#### Your objective
Leave the pictures aside and copy all the data exactly.

#### Data extract
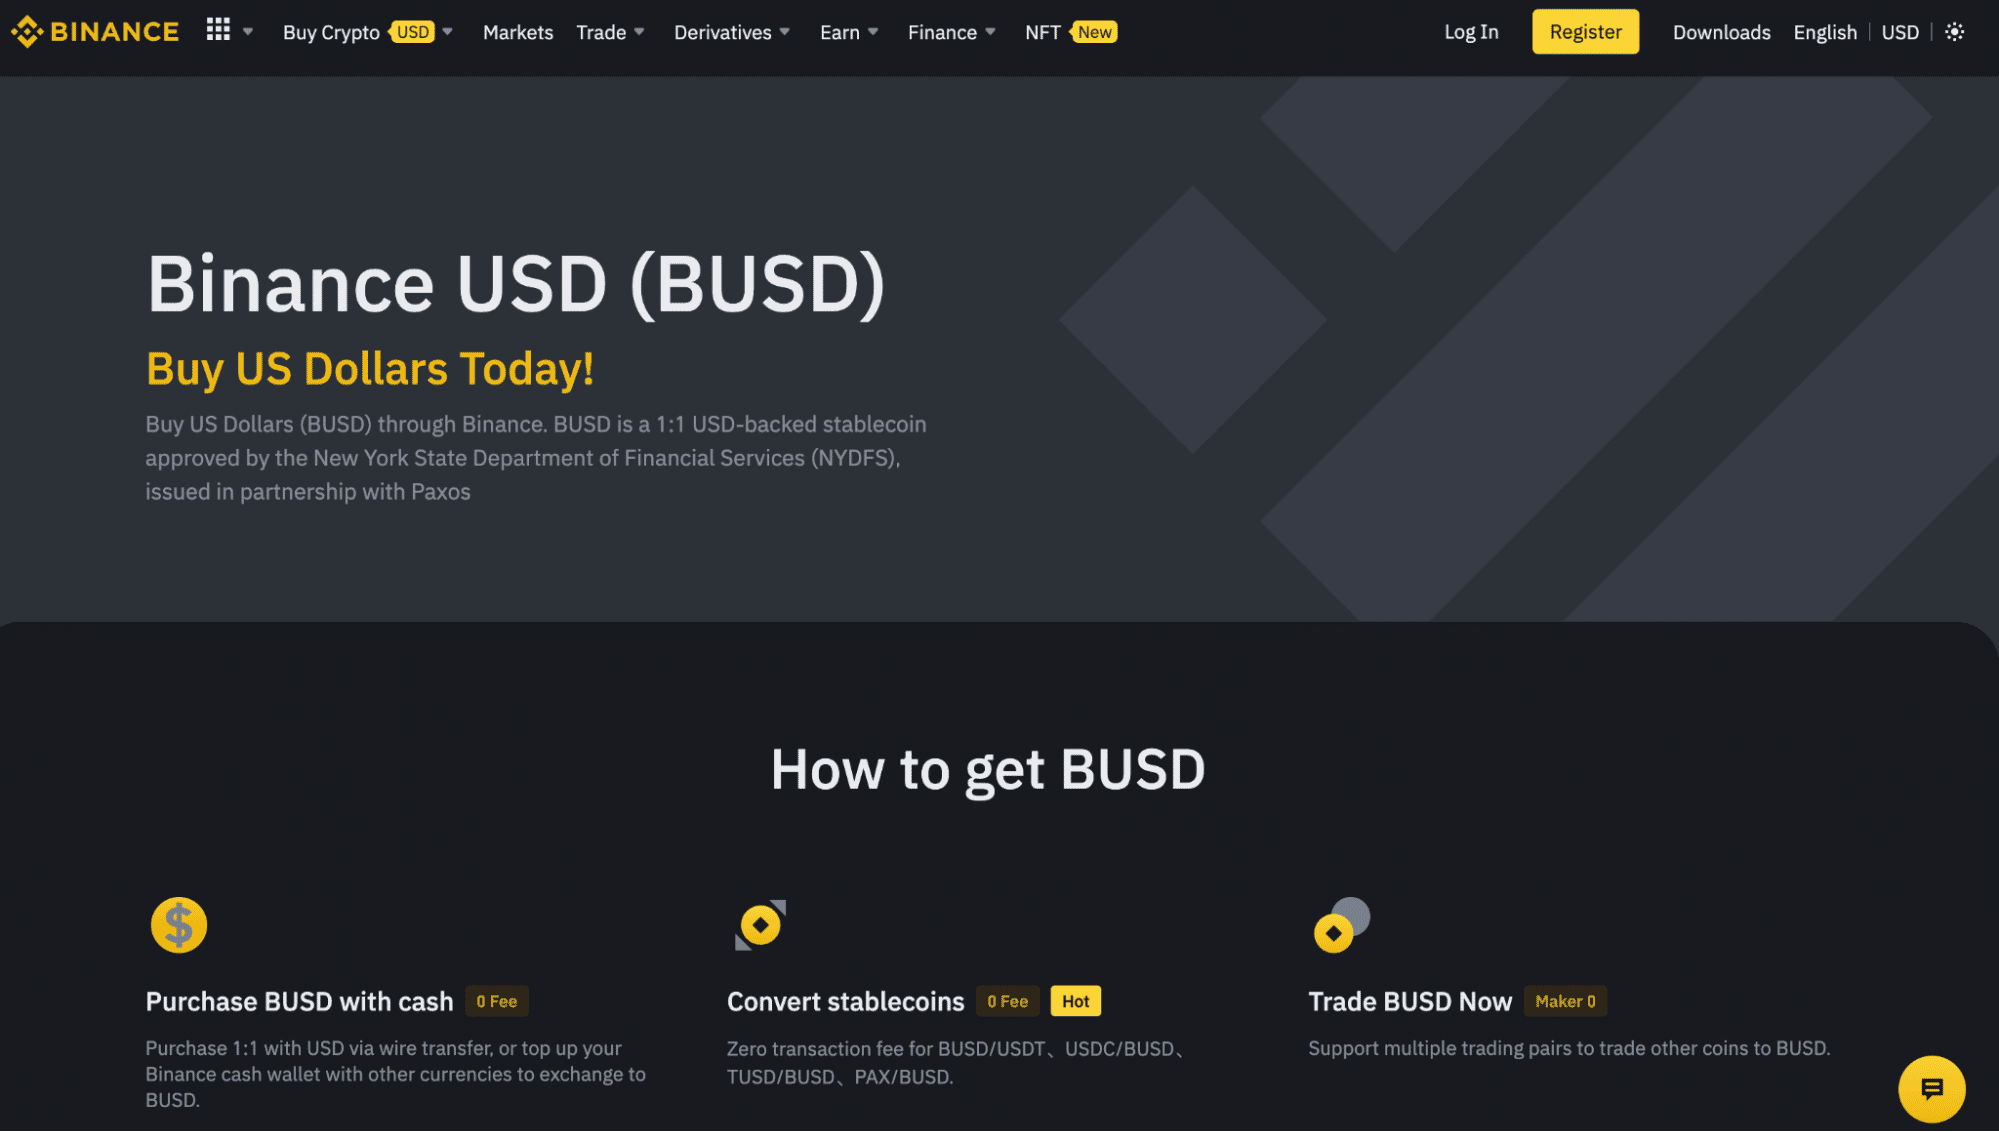 Binance USD’s homepage
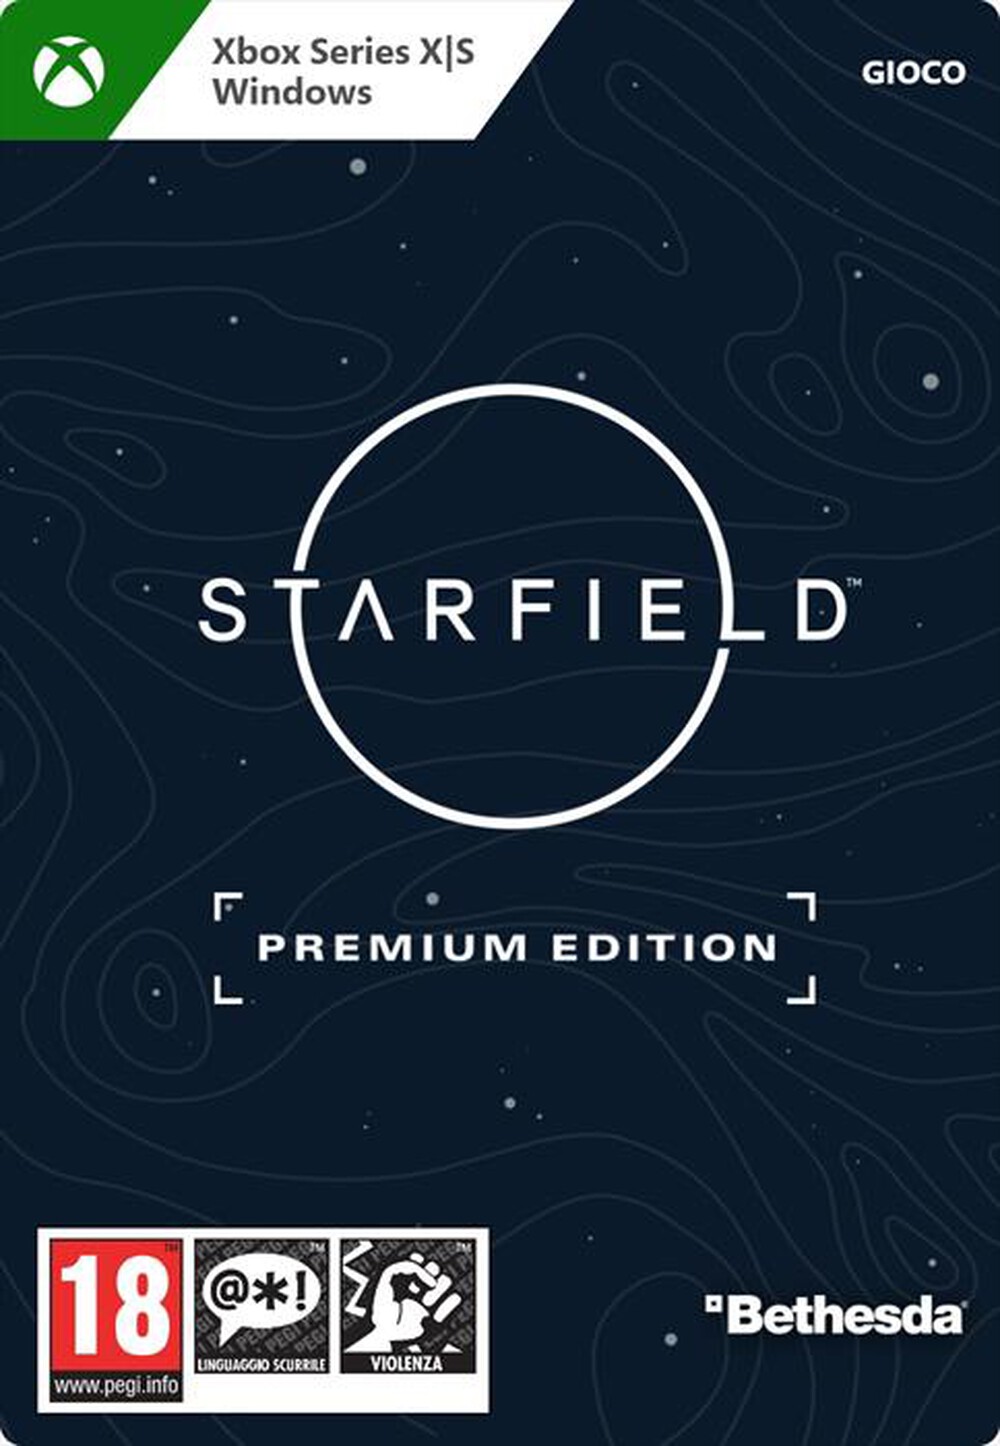 "MICROSOFT - Starfield Premium Edition"
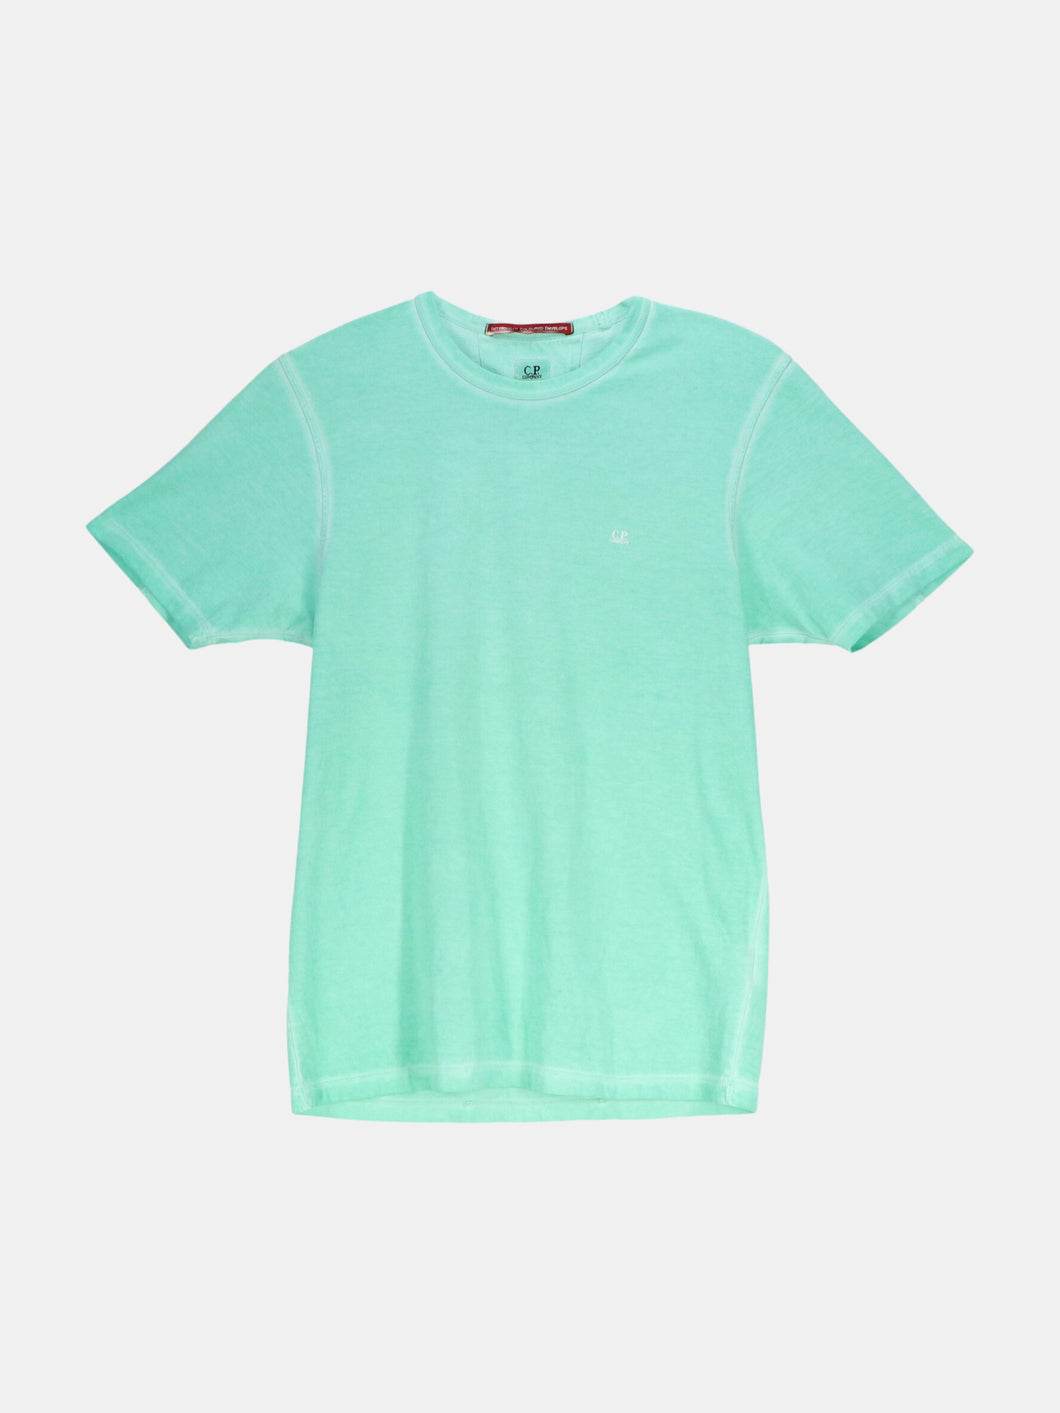 C.P. Company Men's Seafoam Green Jersey Knit T-Shirt Graphic

#### Answer section
 Binance USD’s homepage
 "MICROSOFT - Starfield Premium Edition"
 C.P. Company Men's Seafoam Green Jersey Knit T-Shirt Graphic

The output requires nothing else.